Debugging with Debug Facet
Whenever OpenLineage event is properly emitted, but its content is not as expected, debug facet is the easiest way to start with and collect more insights about the problem.
As a name suggests, debug facet is not meant to be used in production by default. However, it definitely makes sense to enable it ad-hoc when needed, or allow smart debug facet feature to turn it on automatically when it detects that OpenLineage event is not emitted properly.
Debug Facet's content
DebugFacet
contains following information:
- Classpath information: Spark version, OpenLineage connector version, Scala version, jars added through Spark config as well additional information about classes on the classpath which seem highly relevant for debugging: is Iceberg on the classpath, is BigQuery connector on the classpath, is Delta on the classpath, etc.
- Information about the system like: Spark deployment mode, Java version, Java vendor, OS name, OS version, timezone.
- Metrics, which apart from being sent to Metric backend, can be filled within DebugFacet at the same time.
- Shortened information about the LogicalPlan which contains tree structure as well class names of the nodes.
- Logs: logs relating to OpenLineage Spark integration, which can be useful for debugging purposes.
Please refer to io.openlineage.spark.agent.facets.DebugRunFacet
source code to get more up-to-date information about the fields.
Debug facet configuration
DebugFacet
is turned off by default. To enable it, set the following configuration has to be applied:
spark.openlineage.facets.debug.disabled=false
Additionally, following configuration entries are applicable:
spark.openlineage.debug.smart=true
- Enables smart debug facet feature, which automatically turns on debug facet when OpenLineage event is not emitted properly. Disabled by default. For smart debug, the debug facet will be emitted only onCOMPLETE
when criteria depending onsmartMode
are met.spark.openlineage.debug.smartMode
- can be eitheroutput-missing
to activate debug facet when outputs are missing orany-missing
to activate when inputs or outputs are missing.
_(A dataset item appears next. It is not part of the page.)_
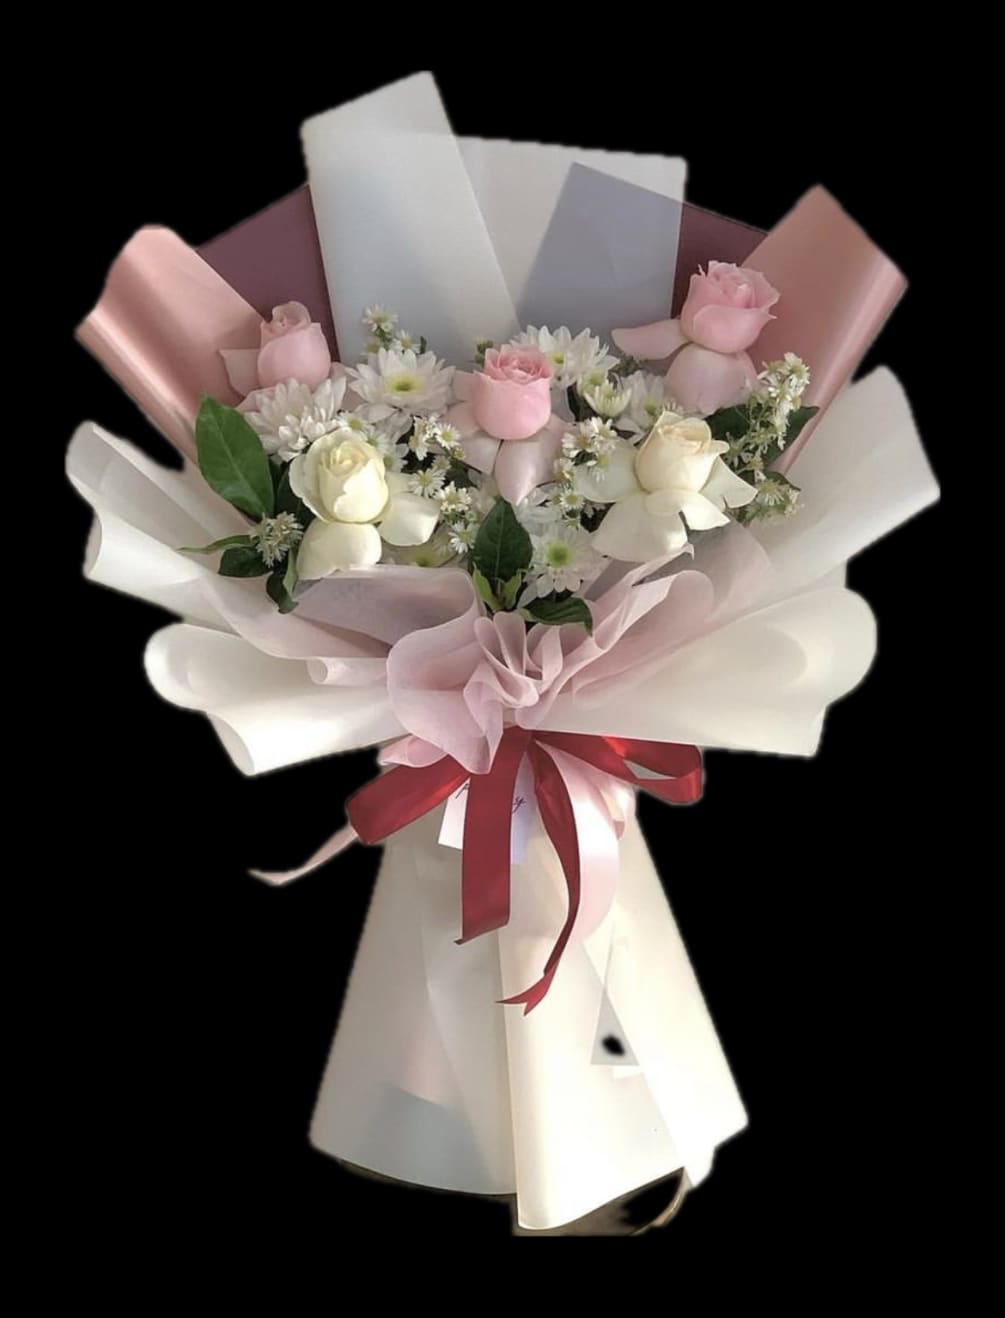 Beautiful Bouquet for special occasions mixed with white and pink roses.

Defaults toany-missing
.spark.openlineage.debug.metricsDisabled
- By default Spark integration metrics are included in the debug facet. This can be useful for debugging how much time has the integration spent on each dataset builder. The representation of the metrics with tags within a JSON document can result in increased payload size, so it can be disabled by setting this configuration totrue
.spark.openlineage.debug.payloadSizeLimitInKilobytes=50
- Maximal size of the debug facet payload in kilobytes of JSON. If the payload exceeds this limit, it debug facet will contain only a single log message with the information about the exceeded size. Defaults to 100 kilobytes.
Debug facet with fine-grained timeouts
OpenLineage allows circuit breakers which timeout lineage code execution when it takes too long. Additional configuration options allow incomplete OpenLineage events to be emitted with debug facet, when the circuit breaker is triggered:
spark.openlineage.timeout.buildDatasetsTimePercentage=60
spark.openlineage.timeout.facetsBuildingTimePercentage=80
These options define the percentage of the total timeout time that can be spent on building datasets facets or all facets (job, run and datasets facets) respectively.
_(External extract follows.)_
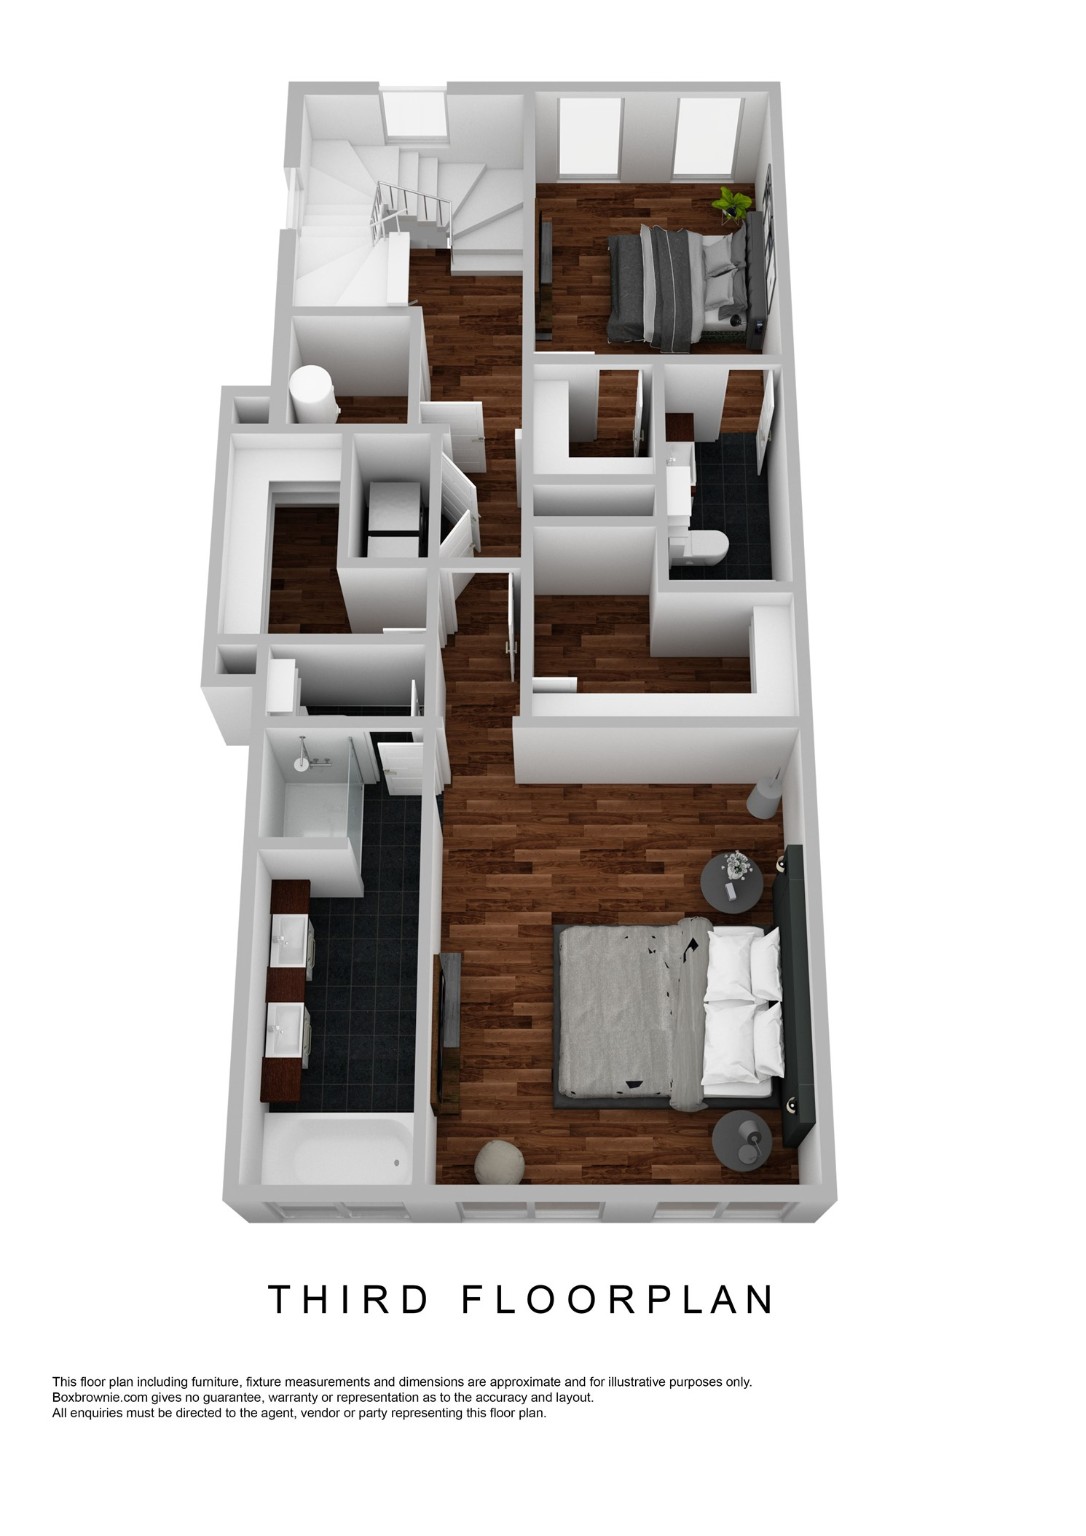 Renderings of the third level. Owners suite and secondary bedroom live on level three. Laundry and elevator access are available on this level.

The settings are applied only when circuit breaker with timeout is configured. TimeoutCircuitBreaker
is the simplest to turn this on.
OpenLineage code flows through:
- job facets building,
- input datasets building,
- output datasets building,
- run facets building,
- event serialization and sending.
Given an example circuit breaker with a timeout of 30 seconds, and buildDatasetsTimePercentage=60
and facetsBuildingTimePercentage=80
, the following timeouts will be applied:
- Dataset generation should accomplish within 18 seconds (60% of 30 seconds). If this fails, there are still 12 seconds left for job and run facets building as well as event serialization and sending.
- All facets building should accomplish within 24 seconds (80% of 30 seconds). If this fails, there are still 6 seconds left for emitting event with facets already included.
- In case of timeout,
DebugRunFacet
is included with a log entry added mentioning that the event is incomplete due to the timeout.
When OpenLineage event is not emitted properly, debug facet can be emitted as a part of incomplete event. In this case, the debug facet will contain only the information about the classpath, system information and logs. The rest of the fields will be empty.